[Dataset excerpts]
----------

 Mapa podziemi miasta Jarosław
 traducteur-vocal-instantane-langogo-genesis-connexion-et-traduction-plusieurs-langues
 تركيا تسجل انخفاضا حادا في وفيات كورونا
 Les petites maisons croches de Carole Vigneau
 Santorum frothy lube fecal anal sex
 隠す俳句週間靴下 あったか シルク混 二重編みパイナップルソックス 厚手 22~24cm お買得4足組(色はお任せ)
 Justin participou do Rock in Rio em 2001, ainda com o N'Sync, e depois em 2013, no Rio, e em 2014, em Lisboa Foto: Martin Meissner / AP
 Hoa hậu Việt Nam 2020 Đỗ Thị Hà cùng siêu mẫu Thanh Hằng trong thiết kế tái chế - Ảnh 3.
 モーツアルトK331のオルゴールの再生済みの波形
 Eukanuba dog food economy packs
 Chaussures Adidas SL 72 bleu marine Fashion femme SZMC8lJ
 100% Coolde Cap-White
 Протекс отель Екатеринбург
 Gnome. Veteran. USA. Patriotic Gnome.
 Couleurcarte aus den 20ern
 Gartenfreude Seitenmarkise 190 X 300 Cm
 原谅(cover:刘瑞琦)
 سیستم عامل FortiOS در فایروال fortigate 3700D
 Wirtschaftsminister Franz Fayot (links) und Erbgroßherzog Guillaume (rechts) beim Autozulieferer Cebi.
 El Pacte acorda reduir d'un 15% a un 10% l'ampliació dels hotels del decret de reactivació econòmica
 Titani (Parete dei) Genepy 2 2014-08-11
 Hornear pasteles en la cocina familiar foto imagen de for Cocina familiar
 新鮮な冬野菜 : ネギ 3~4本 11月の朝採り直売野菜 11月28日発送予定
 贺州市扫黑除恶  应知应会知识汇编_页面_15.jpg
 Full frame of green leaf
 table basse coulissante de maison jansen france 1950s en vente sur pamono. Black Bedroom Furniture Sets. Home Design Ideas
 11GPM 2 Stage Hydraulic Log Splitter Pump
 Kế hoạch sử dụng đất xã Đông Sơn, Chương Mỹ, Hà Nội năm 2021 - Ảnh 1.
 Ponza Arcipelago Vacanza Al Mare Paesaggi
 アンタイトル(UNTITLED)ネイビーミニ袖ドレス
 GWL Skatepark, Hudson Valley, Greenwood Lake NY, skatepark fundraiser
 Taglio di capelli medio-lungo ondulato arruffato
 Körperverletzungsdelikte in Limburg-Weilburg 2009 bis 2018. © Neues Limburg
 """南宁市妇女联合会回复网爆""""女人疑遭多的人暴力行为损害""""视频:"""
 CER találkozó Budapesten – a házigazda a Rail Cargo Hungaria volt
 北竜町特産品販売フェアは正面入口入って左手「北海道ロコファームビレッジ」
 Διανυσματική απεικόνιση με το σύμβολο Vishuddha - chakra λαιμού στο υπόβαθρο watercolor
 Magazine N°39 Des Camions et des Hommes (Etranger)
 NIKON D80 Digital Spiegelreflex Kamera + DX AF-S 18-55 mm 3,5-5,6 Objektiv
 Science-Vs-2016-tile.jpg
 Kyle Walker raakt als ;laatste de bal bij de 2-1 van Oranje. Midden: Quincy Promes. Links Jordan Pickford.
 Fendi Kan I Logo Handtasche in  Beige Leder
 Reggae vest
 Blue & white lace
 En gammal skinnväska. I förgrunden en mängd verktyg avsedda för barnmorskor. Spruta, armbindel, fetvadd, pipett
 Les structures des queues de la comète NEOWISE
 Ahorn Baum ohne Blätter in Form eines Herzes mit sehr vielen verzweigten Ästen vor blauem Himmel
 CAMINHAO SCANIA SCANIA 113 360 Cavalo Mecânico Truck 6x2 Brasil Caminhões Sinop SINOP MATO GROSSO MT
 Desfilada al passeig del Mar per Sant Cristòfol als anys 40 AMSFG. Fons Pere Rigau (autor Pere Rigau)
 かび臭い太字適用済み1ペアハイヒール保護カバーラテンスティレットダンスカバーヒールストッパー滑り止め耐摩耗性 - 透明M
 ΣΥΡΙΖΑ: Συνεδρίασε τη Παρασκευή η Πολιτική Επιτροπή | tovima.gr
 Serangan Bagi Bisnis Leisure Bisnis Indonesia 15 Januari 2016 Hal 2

----------

Brief: Find "ΣΥΡΙΖΑ: Συνεδρίασε τη" in the records. Copy its line and every line after it, exactly, through the last one.

Completed task:
 ΣΥΡΙΖΑ: Συνεδρίασε τη Παρασκευή η Πολιτική Επιτροπή | tovima.gr
 Serangan Bagi Bisnis Leisure Bisnis Indonesia 15 Januari 2016 Hal 2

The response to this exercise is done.